Peter and Edmund wave furiously to Susan and Lucy as the girls' train heads to their boarding school.

It's funny, Peter thinks, how quickly things change. He wouldn't see either of them for another three months, and he might not see Caspian or Sanya -- Sanya or Caspian -- for much longer, depending on when they all go back to Kirke's.

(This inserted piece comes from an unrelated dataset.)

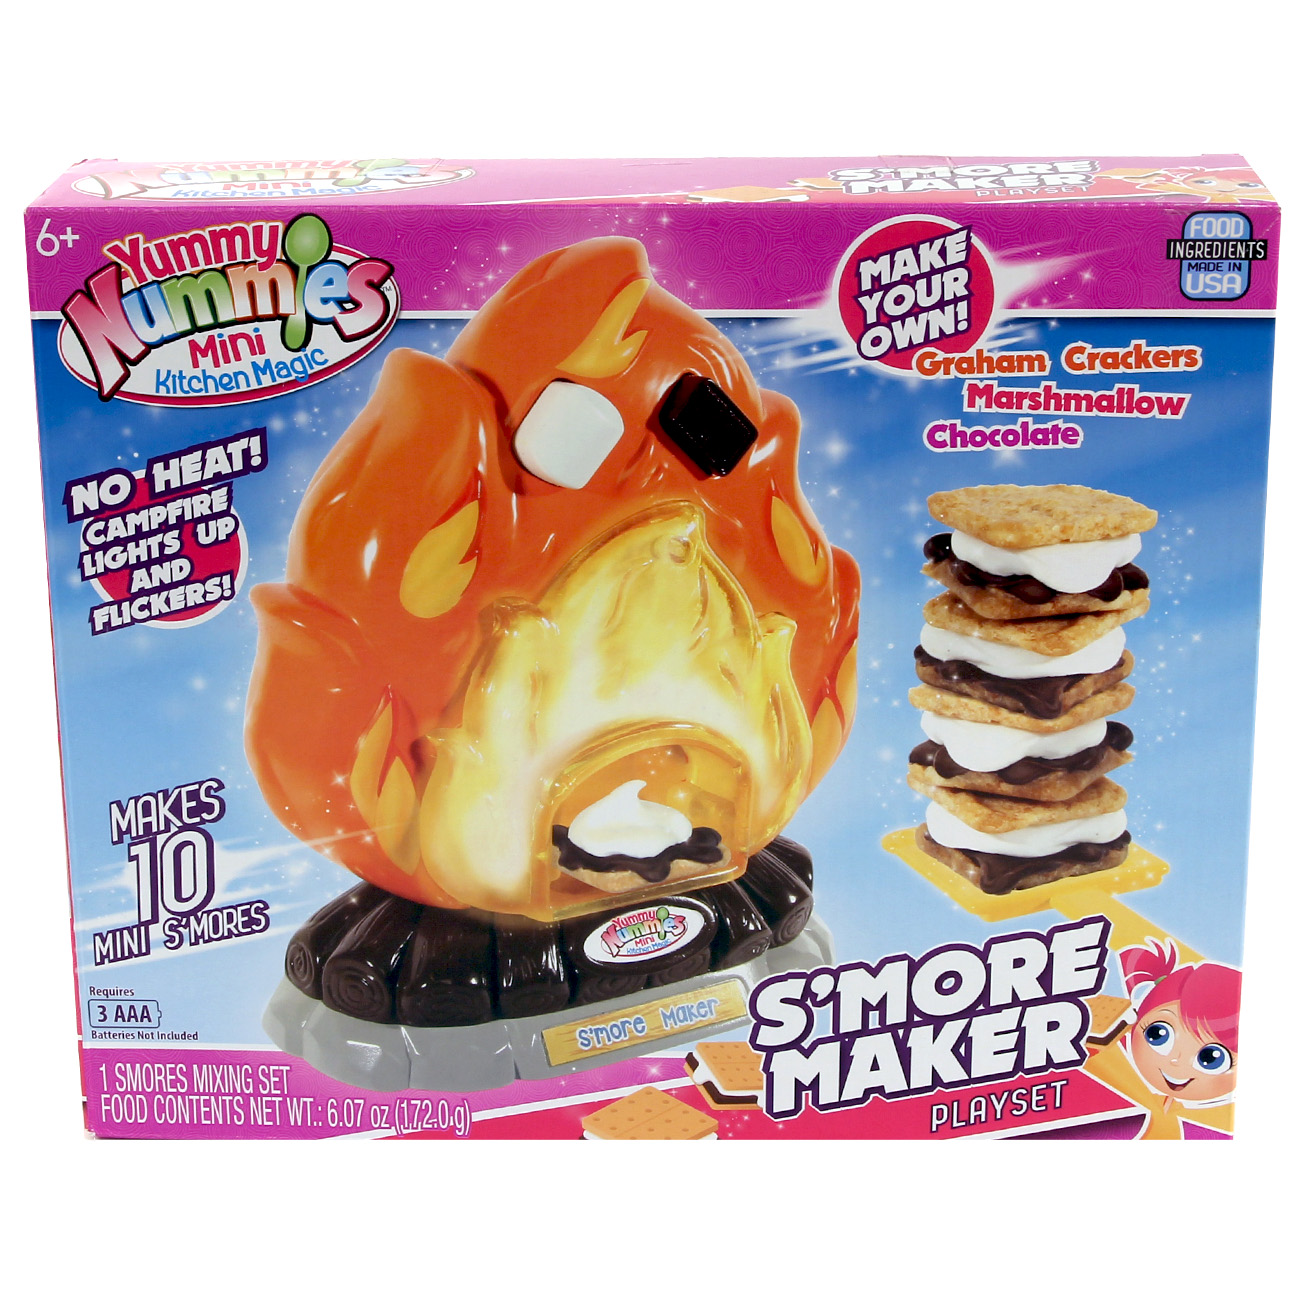 S'mores Maker Playset

Edmund and he board their own train, which will whisk them away to a new boarding school. They'd be expected, as always, to act as normal boys. Boys who didn't know of another world where there were fauns and nymphs and animals talked. Peter isn't sure how exactly they keep managing it. He's not going to tell anyone about Narnia, he's not that stupid, but sometimes he wishes this "British" society (this white, heteronormative, ableist, terrible society) wasn't so close-minded to anything but the "norm". If people were more willing to believe, less skeptical of anything they believe shouldn't be possible... but no. Peter doesn't have time for what-if's and if-only's. This year is the last year until he can take the test to see if he can go into medicine and the things he actually needs to know for it, instead of spending all his time memorizing birth and death dates and faces of monarchs long dead. He doesn't need it to do what he wants, so he doesn't need to know it. (He knows Caspian's face easily, does that mean he needs him? Shut up, brain.)

He focuses in on Edmund. Now that they're alone in the carriage of the train, he can check up on his younger brother. He's been meaning to since they all left Narnia. "Are you going to be okay without Sanya? You just got her back."

Edmund makes a face. "I have to be okay, don't I?"

"Ed."

Edmund should know he can speak candidly with Peter. After a long pause, he does. "Alright. I think so? I did just get her back, and I hate so bloody much that I have to leave her already." He rubs at his neck in frustration. "I keep telling myself that at least we're in the same world now, but that can't stop part of my mind, all of it really, from being paranoid."

Peter can't really understand the kind of love his brother has for Sanya, and Sanya has for Edmund. He wants to, someday, but he doesn't. So all he can do is comfort Edmund, and reassure him that Sanya is safe. It's true, after all. She's with Caspian and Professor Kirke — Professor Kirke and Caspian. Edmund stops looking nauseous after a bit, and turns their conversation to the last bit of Narnia they can mention before the school, before Peter has to put on yet another mask and pretend that he doesn't know about Narnia, because Narnia couldn't possibly be real. He hates this part. He hated it last year, and he hates it again this year. He'll hate it every year, forever, from now until he dies.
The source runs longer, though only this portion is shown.